We had a bit of a mix-up of players after that game and I joined Sarah and Tom with James following me over. Everyone was happy to play Quadropolis which Sarah has been bringing the past few times we’ve come to Rougham. Tom had only played once and James had never played so I did a quick rules explanation. We also kept to the Classic version of the game to keep things a bit simpler.

Despite some initial confusion over what the urbanist pawn blocked, everybody seemed to get into the flow of the game pretty quickly. I immediately went heavy into building tower blocks. By the end of round 1 I had a tower block that was three storeys high! Somehow, Sarah managed to fill her number 4 column and her number 4 row really quickly which, of course, would end up biting her in the bum later.

James was dotting buildings all over his board, he didn’t look like there was a plan going on but sometimes it takes a couple of rounds for things to knit together. Tom seemed to keep picking up the wrong things and then cursing because he’d forgotten where he wanted to put them!

Alas, in all the excitement I forgot to take a photograph! However, by the end of the game there was the usual gnashing of teeth as everyone’s boards had filled up and the things they wanted simply weren’t available. My tower block empire worked out well in the end leading me to victory with 48 points.

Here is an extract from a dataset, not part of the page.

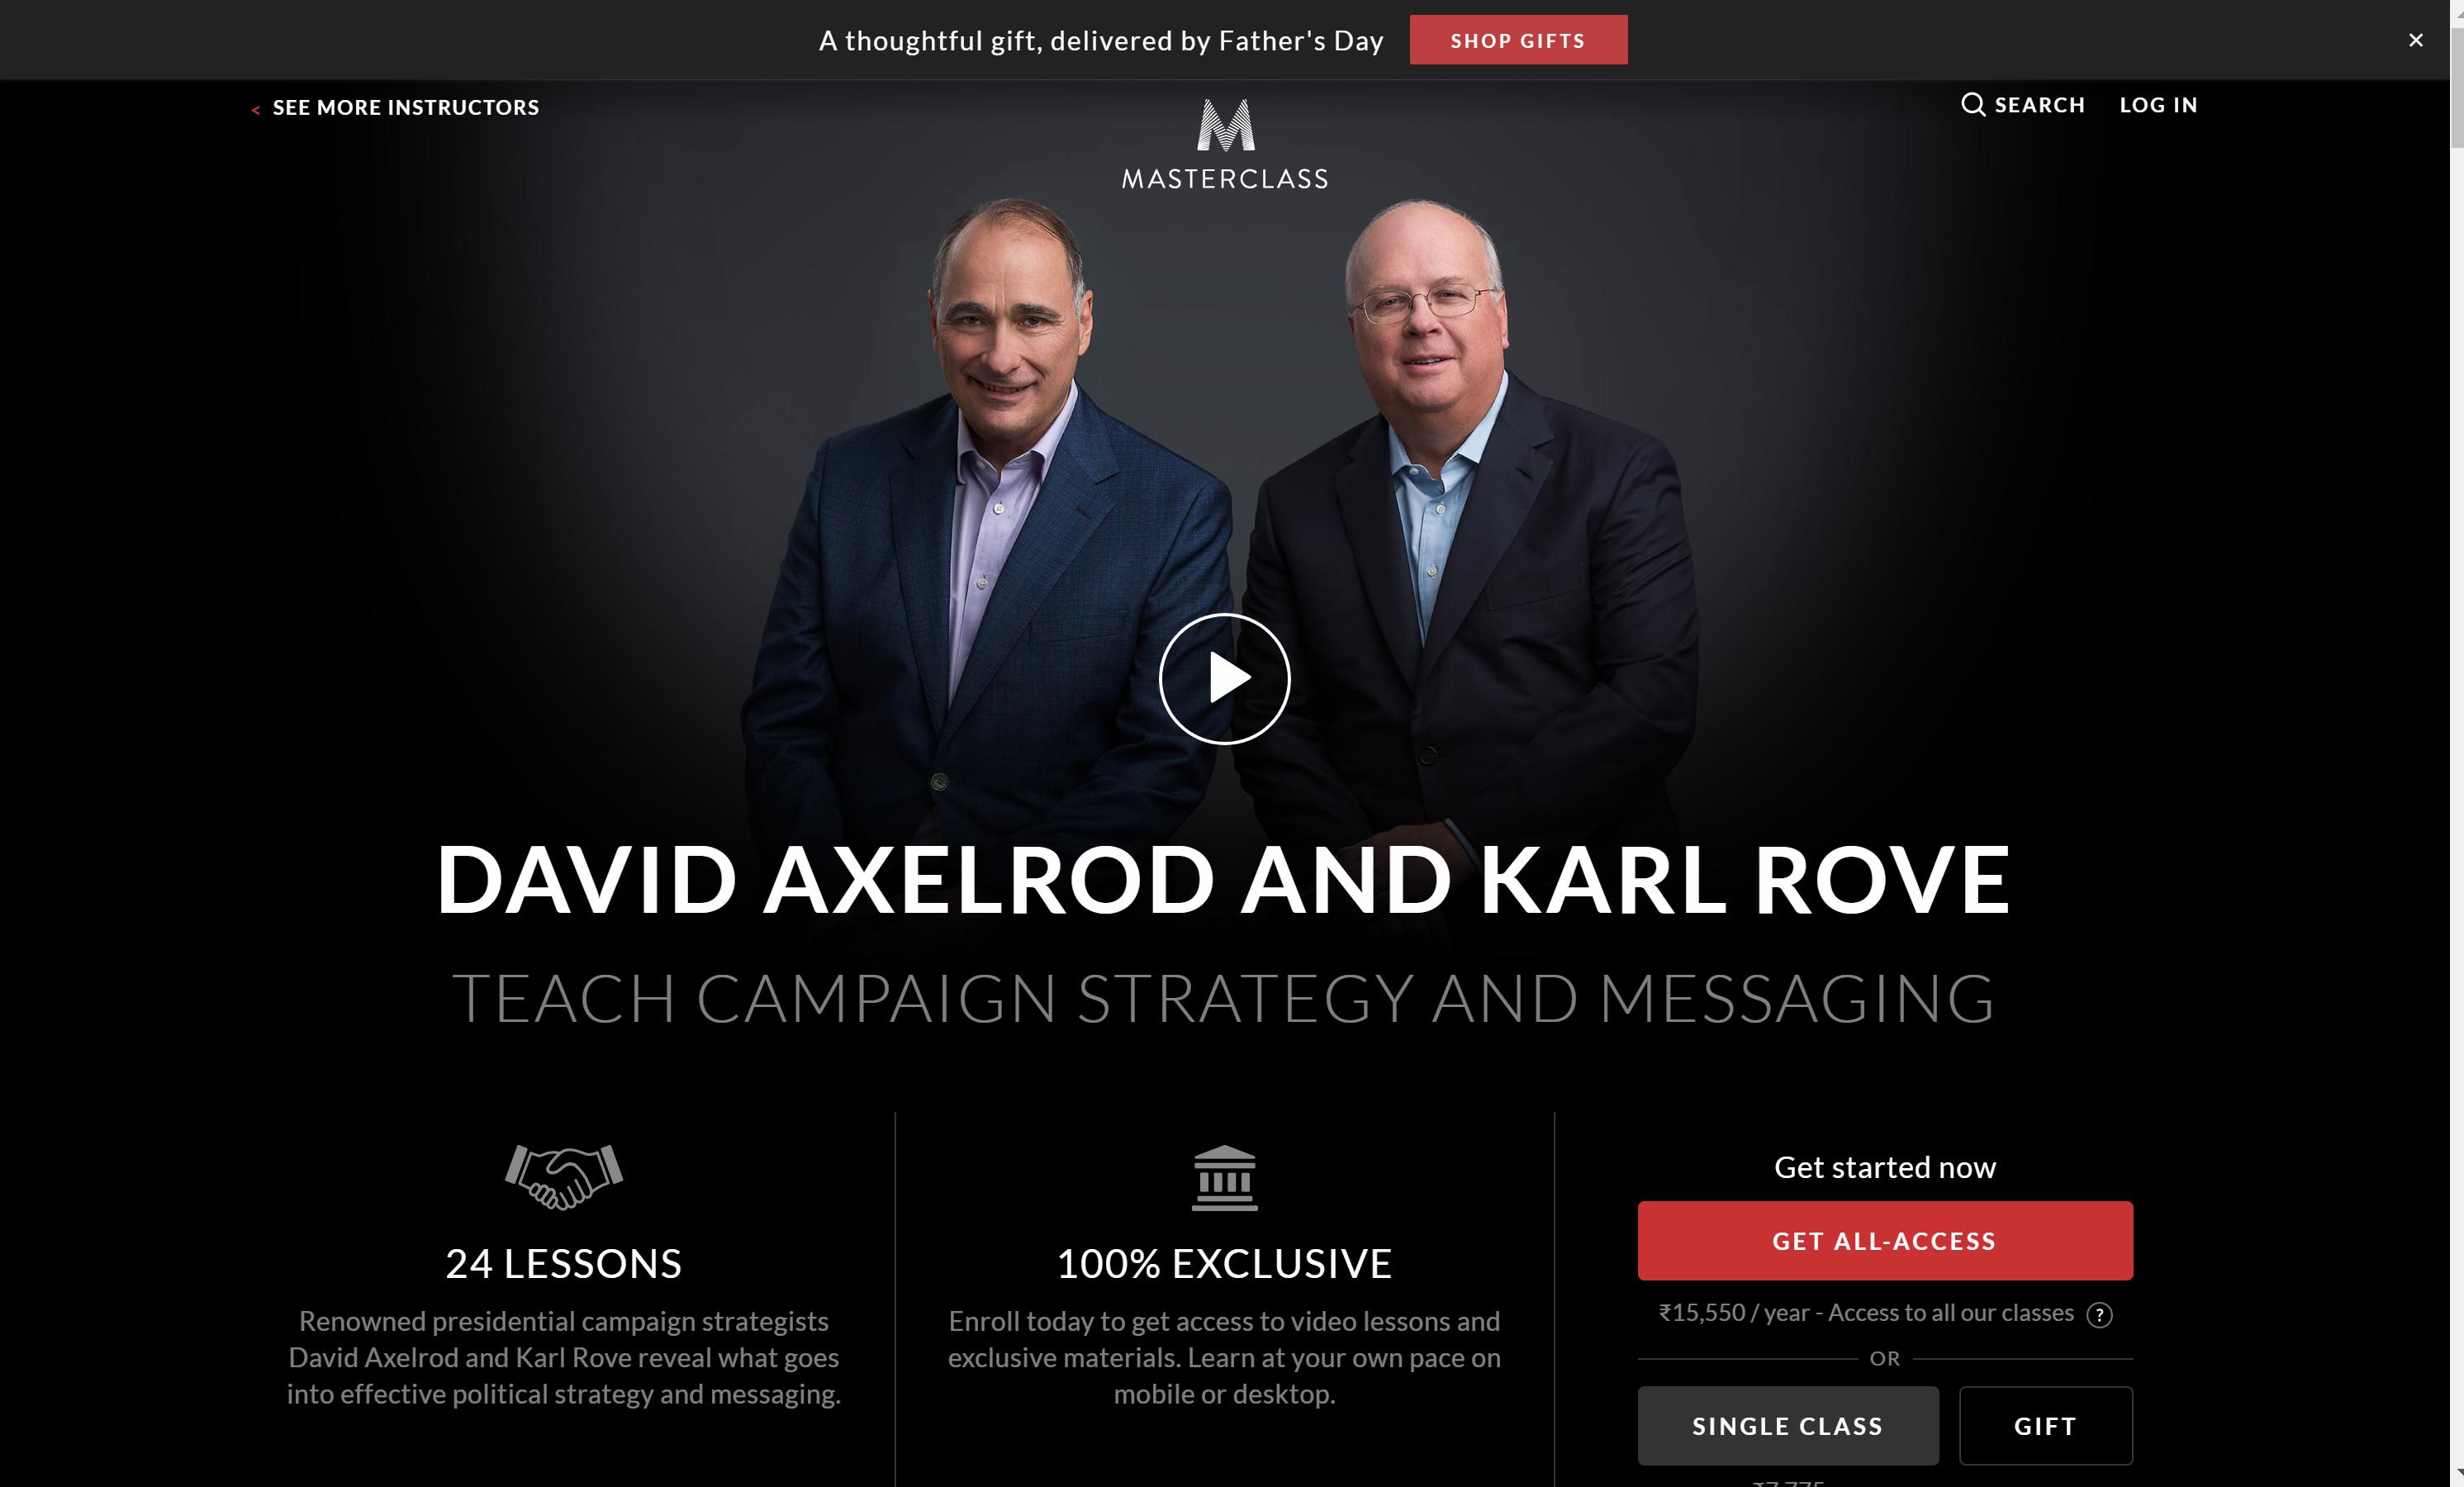 David Axelrod & Karl Rove Masterclass

James was close behind with some factory/shop/harbour placing giving him a respectable 44 points. Tom and Sarah trailed at 31 and 29 points respectively despite Tom having a complete line of harbours and Sarah getting civic buildings in each area of her city.

It’s Not Constantinople!

No, it’s not, but it was Istanbul that we played next with the same players. Again, Tom had played once or twice before but James was completely new to this. The rules explanation to this was a little longer winded but nothing no-one couldn’t handle. We started with the ‘short game’ set up recommended by the rules for starting players. This does put certain complementary tiles near each other which I think is designed to help new players spot those combos.

Ride out of the starting blocks I immediately got some red goods and bought myself the red mosque tile which lets a player fiddle with the dice. I then proceeded to abuse this repeatedly at the Tea Room (oo-er!) where the player can bet a number and try to roll equal to or more to get that much money. With the red mosque tile it’s pretty easy to consistantly get 8 Lira and then hop down to the Gemstone Dealer to buy a ruby.

Tom and Sarah seemed to concentrate on building up goods to trade for rubies at the Sultan’s Palace. James was happily upgrading his wheelbarrow to Porsche level in record time.

Due to a slip of the tongue I accidentally coined a new euphemism as I sent someone’s family member ‘home’, which is really back to the Police Station. That soon gained traction along with some mirth about where the blue goods (jewellery) came from. We surmised the family members had stolen them and that was why they were in the nick!

The middle of the Splendor board centred on the Police Station. The red player's marker is here.
Tom (red) has the opportunity to free his family member from the Police Station. Inevitably Jobby will send that family member ‘home’ later!

Istanbul is a race as to who can get those rubies first and this play was a tight race. Tom correctly saw that I was going to be able to buy my last ruby and trigger the end round. I was first player so everyone would get one more go so Tom went to the Tea House. There he made a safe bet that would give him just a little money in hopes he would break the tie with me. He forgot that I would already be at the Gemstone Dealer so he would need to pay me 2 Lira in order to buy his last ruby! Much cursing later and Sarah finished the last turn of the game with me as winner.

It is worth noting that Sarah was one red good away from getting her last ruby and would have won the game! It really was that tight!

Tired and happy we said our goodbyes and headed home. The title of the post? It seems our games group now has a crown for the winner of Skull (the Skull King) but nobody brought Skull so there could be no Skull King!